Three Rooms, Safety, and Death

Note that if you are on $R_2$ , The probabilities of ending up in $S$ or $D$ are equal, since they are both two rooms away.

So the probability of surviving once you get to $R_2$ is $\frac{1}{2}$ .

When you are on $R_1$ , you have a probability of $\frac{1}{2}$ that you escape, and a probability of $\frac{1}{2}$ that you escape with a probability of $\frac{1}{2}$ .

So the probability that you escape is $\frac{1}{2}+\frac{1}{2}*\frac{1}{2}=\frac{3}{4}$ .

Since $3$ and $4$ are coprime, the required answer is $3+4=\boxed{7}$ .

Let $P_1$ , $P_2$ and $P_3$ be the probabilities of escape if you are in room 1, 2 and 3, respectively.
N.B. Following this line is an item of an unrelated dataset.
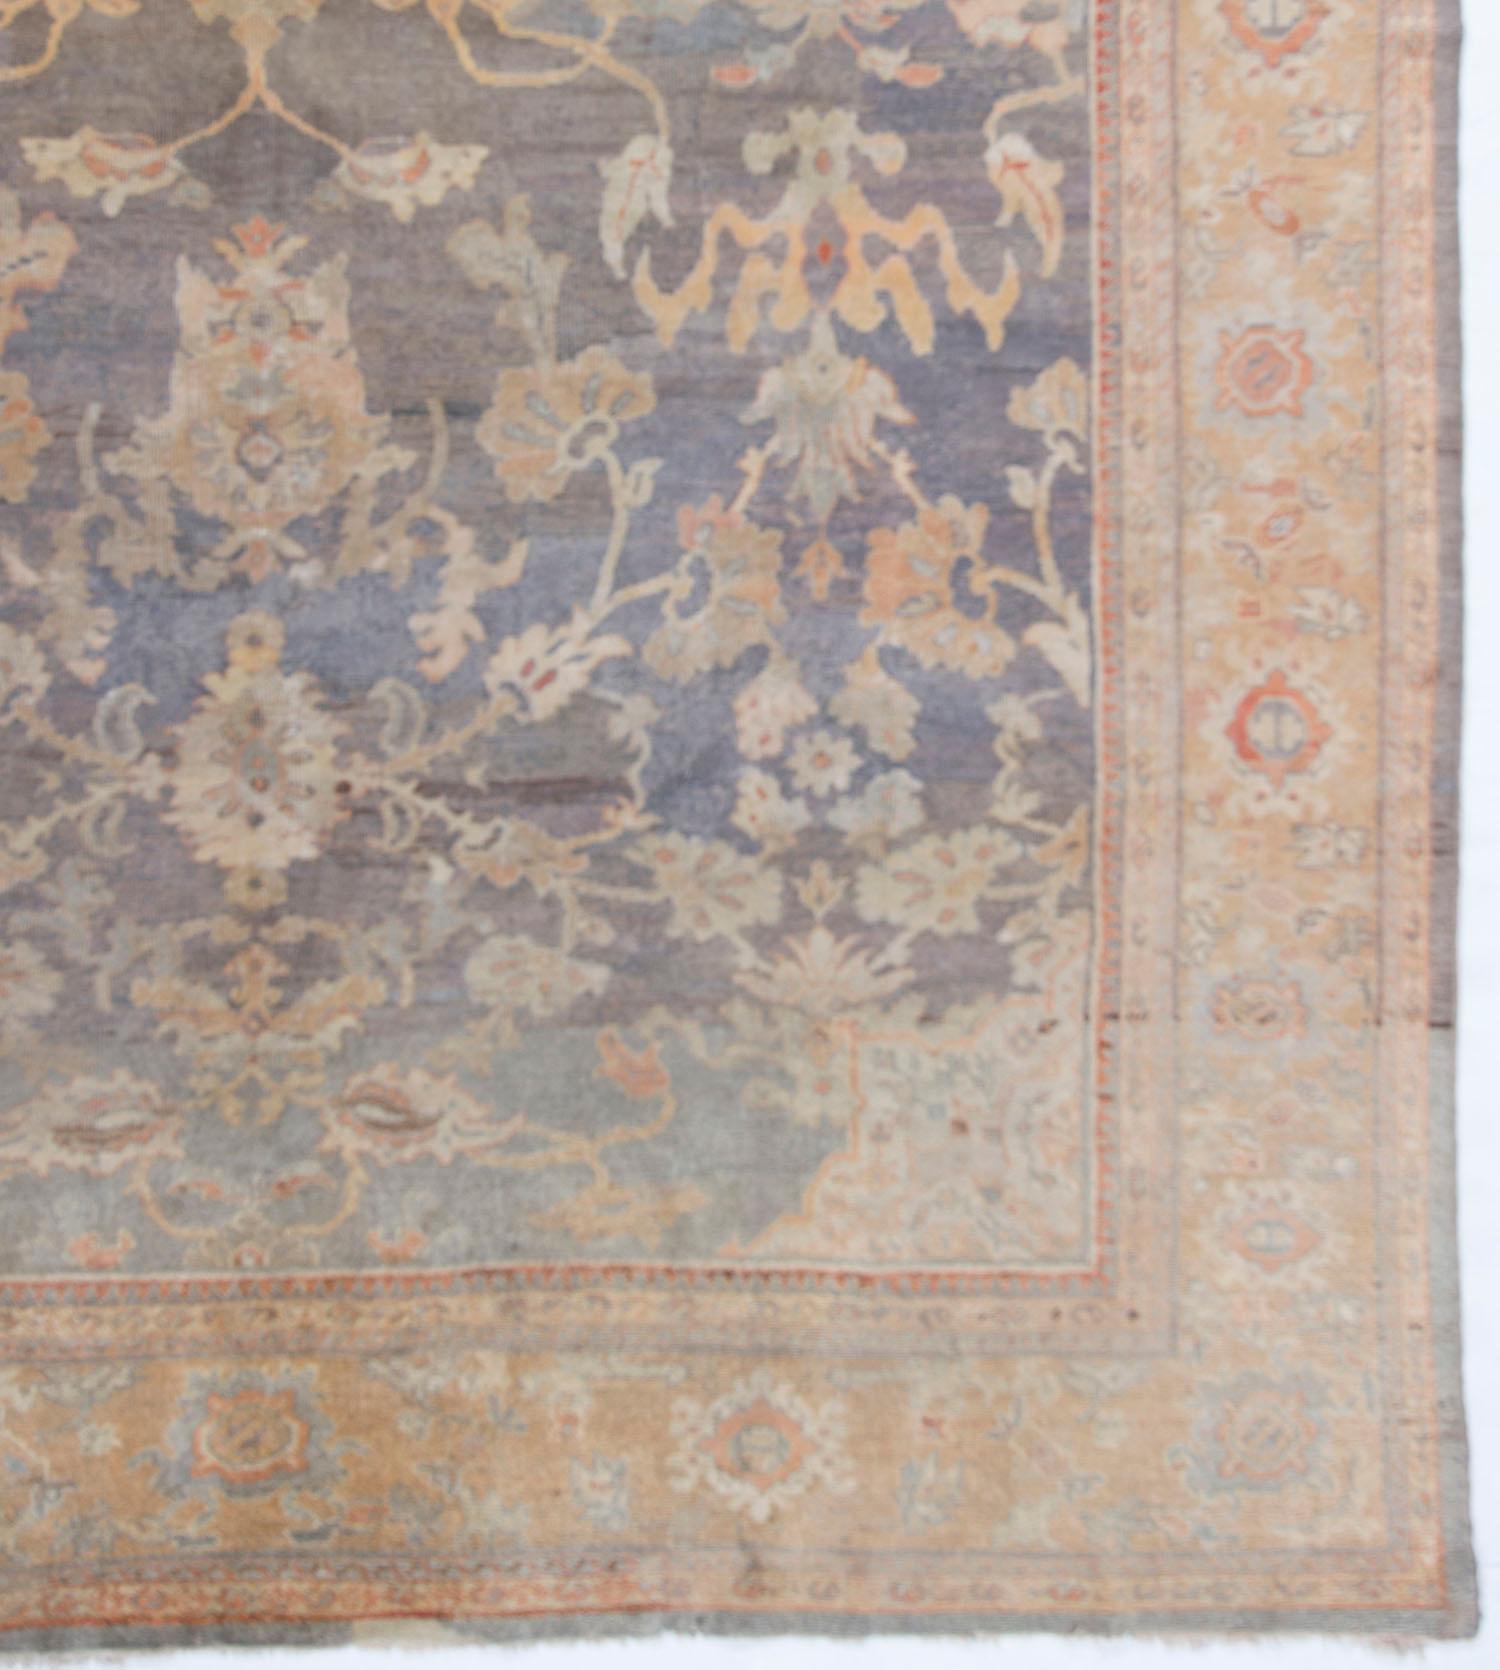 Antique Sultanabad blue rug carpet, 11' x 16'3. This attractive decorative carpet is probably a product of the Ziegler Company a major English firm active in Sultanabad in the 1880-1930 periods. The slate blue field is continuously but spaciously

If you are in room 1, you have a $\frac{1}{2}$ chance of choosing door $S$ and a $\frac{1}{2}$ chance of choosing room 2, so we have $P_1 = \frac{1}{2}+\frac{1}{2} P_2$

If you are in room 2, you have a $\frac{1}{2}$ chance of choosing room 1 and a $\frac{1}{2}$ chance of choosing room 3, so we have $P_2 = \frac{1}{2}P_1+\frac{1}{2} P_3$

If you are in room 3, you have a $\frac{1}{2}$ chance of surely dying and a $\frac{1}{2}$ chance of choosing room 2, so we have $P_3 = \frac{1}{2} (0)+\frac{1}{2} P_2$

Solving the three equations simultaneously, we arrive at $P_1=\frac{3}{4},P_2=\frac{1}{2},P_3=\frac{1}{4}$ . Thus the answer is $3+4=\fbox{7}$

I'll touch on two solutions aside from the ones already posted. The first one is a bit technical, as it requires knowledge of martingale theory, but the second is pretty intuitive as it follows from Newtonian mechanics.

Solved using Stochastic Processes:

This is equivalent to a symmetric random walk with barriers at -1 and 3 starting from 0. Since the process is a martingale, we can use the optional stopping theorem (Doob's optional sampling theorem) to solve for the probability we survive:

$P(survive) \times -1 + (1-P(Survive)) \times 3 = 0$ .

Solving for P(Survive), we get $\frac{3}{4}$ , so $3 + 4 = 7.$

Solved using Basic Mechanics from Physics:

Alternatively, consider we had a see-saw of length 1, with a 1 pound kid sitting on one end and a 3 pound kid sitting on another end. To balance, you'll notice we have to place the fulcrum closer to the fatter kid since he's heavier. The distance from the 1 pound kid to the fulcrum is the probability that we survive (fulcrum is placed at distance $\frac{3}{4}$ from the 1 pound kid) .

There's a $\frac{1}{2}$ chance of immediate survival, and a $\frac{1}{2}$ chance of moving to $R_2$ . If you go to $R_2$ , you are situated exactly halfway between life and death, so there is a $\frac{1}{2}$ chance of survival.

Summing up the cases gives $\frac{1}{2} + \frac{1}{2}\cdot\frac{1}{2} = \frac{3}{4}$ , so the answer is $3+4 = \boxed{7}$ .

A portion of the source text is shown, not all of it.